Jakarta, CNN Indonesia -- Beberapa waktu lalu, beredar video anak-anak yang melakukan pawai jelang bulan Ramadhan. Saat pawai, terdengar anak-anak menyanyikan lagu dengan kata-kata yang mengandung kekerasan. "Bunuh, bunuh, bunuh si Ahok, bunuh si Ahok sekarang juga," dinyanyikan dengan keras. Dalam video, mereka tampak mengenakan pakaian serba putih dan membawa bendera.
Ketua Komisi Perlindungan Anak Indonesia, Seto Mulyadi menilai hal ini merupakan kesalahan fatal yang dilakukan kelompok tertentu dengan memanfaatkan anak-anak.

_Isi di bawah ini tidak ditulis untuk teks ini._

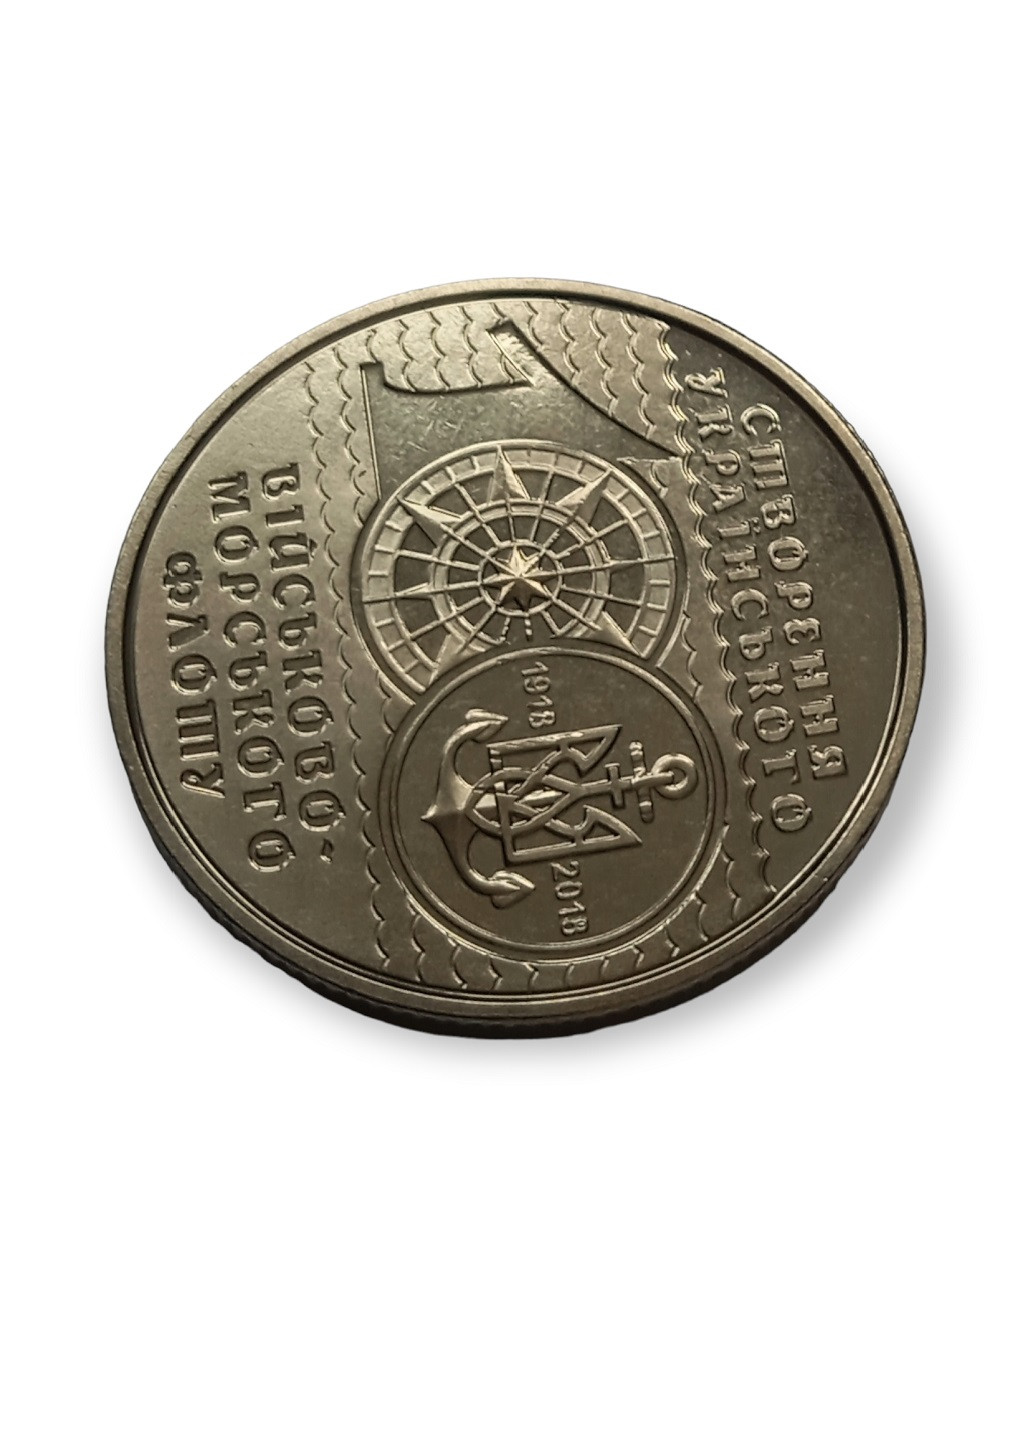 Монета Украины к 100-летию создания Украинского военно-морского флота Blue Orange (257210484)

"Kekerasan terhadap anak ya seperti tadi mengajarkan kebencian, mungkin lagunya lagu anak-anak, tapi sudah diubah dengan kata-kata yang menebarkan kebencian sampai harus membunuh dan lainnya," kata pria yang akrab disapa Kak Seto ini saat dihubungi CNNIndonesia.com, Jumat (26/5).
ADVERTISEMENT
SCROLL TO CONTINUE WITH CONTENT
Ia mengatakan, mengajarkan kekerasan dan kebencian pada anak-anak bisa melahirkan berbagai tindak kekerasan seperti terorisme.
Untuk mengantisipasi terjadinya hal tersebut, tak dimungkiri bahwa pendidikan menjadi solusi utama. Namun yang harus disadari, pendidikan utama anak-anak bukan hanya tanggung jawab orang tua, tapi lingkungan juga punya peran penting.

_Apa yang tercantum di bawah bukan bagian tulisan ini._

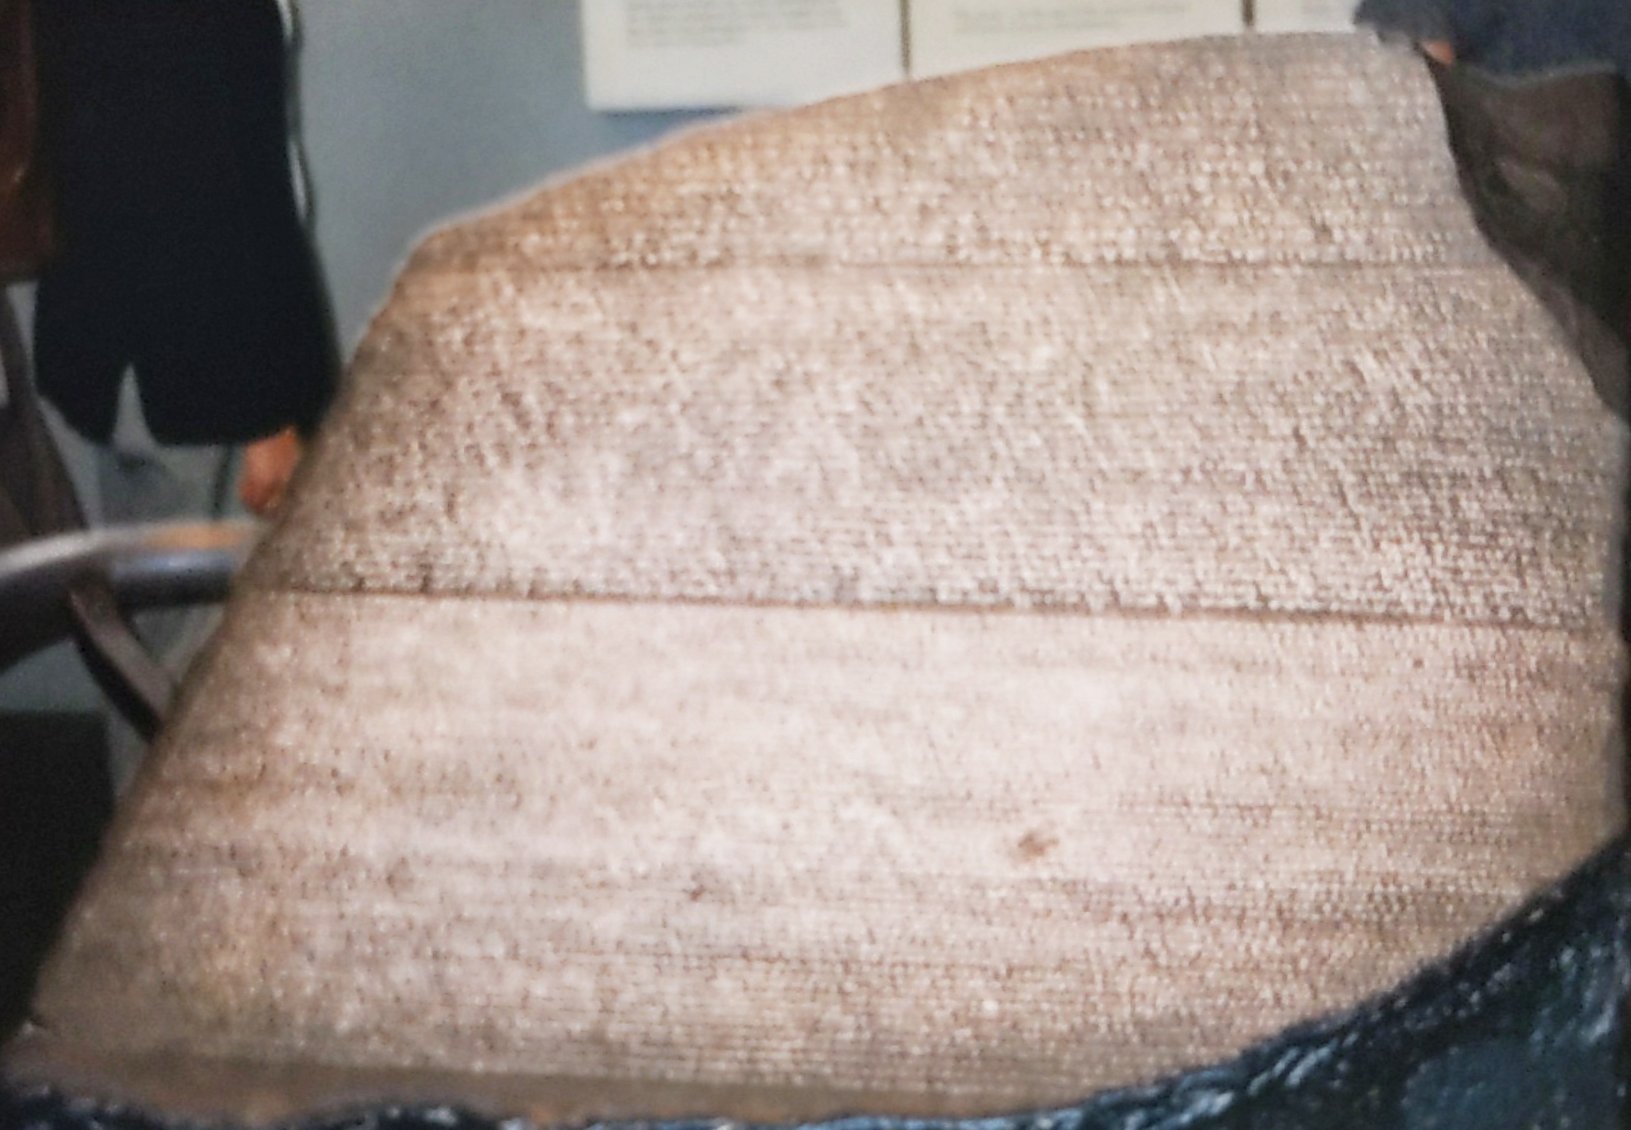 The Rosetta Stone, circa 1998

Pemerintah perlu memberdayakan masyarakat, mulai dari tingkat RT dan RW. Menurutnya, perlu dibentuk satgas perlindungan anak atau satgas sahabat anak. Sehingga, masyarakat turut terlibat dan tidak melakukan pembiaran terhadap penyimpangan sekecil apapun.
"Mengutip kata-kata istri mantan Presiden AS Barack Obama (Michelle Obama), ia berkata melindungi anak dan mendidik anak perlu orang sekampung," kata Kak Seto.
Di Jakarta, tambahnya, kuncinya dimulai dari RT dan RW. Dari singkatannya saja, Rukun Tetangga dan Rukun Warga, seharusnya mencerminkan kerukunan dan "guyup-nya" masyarakat.
Dalam lingkungan keluarga sendiri, perlu adanya usaha untuk menciptakan suasana akrab dengan adanya pertemuan antarkeluarga untuk membahas permasalahan anak dan remaja. Obrolan santai seputar berbagai hal yang terjadi di masyarakat pun sangat dibutuhkan.
"Usaha-usaha ini diharapkan mempu mendorong terciptanya suasana akrab dan nyaman di dalam rumah, khususnya keluarga."
Adanya kenyamanan dan keakraban dalam keluarga sendiri diyakini akan membantu membentengi anak-anak dari pengaruh buruk dan 'ajaran'ajaran' yang tak benar dari lingkungan sekitar.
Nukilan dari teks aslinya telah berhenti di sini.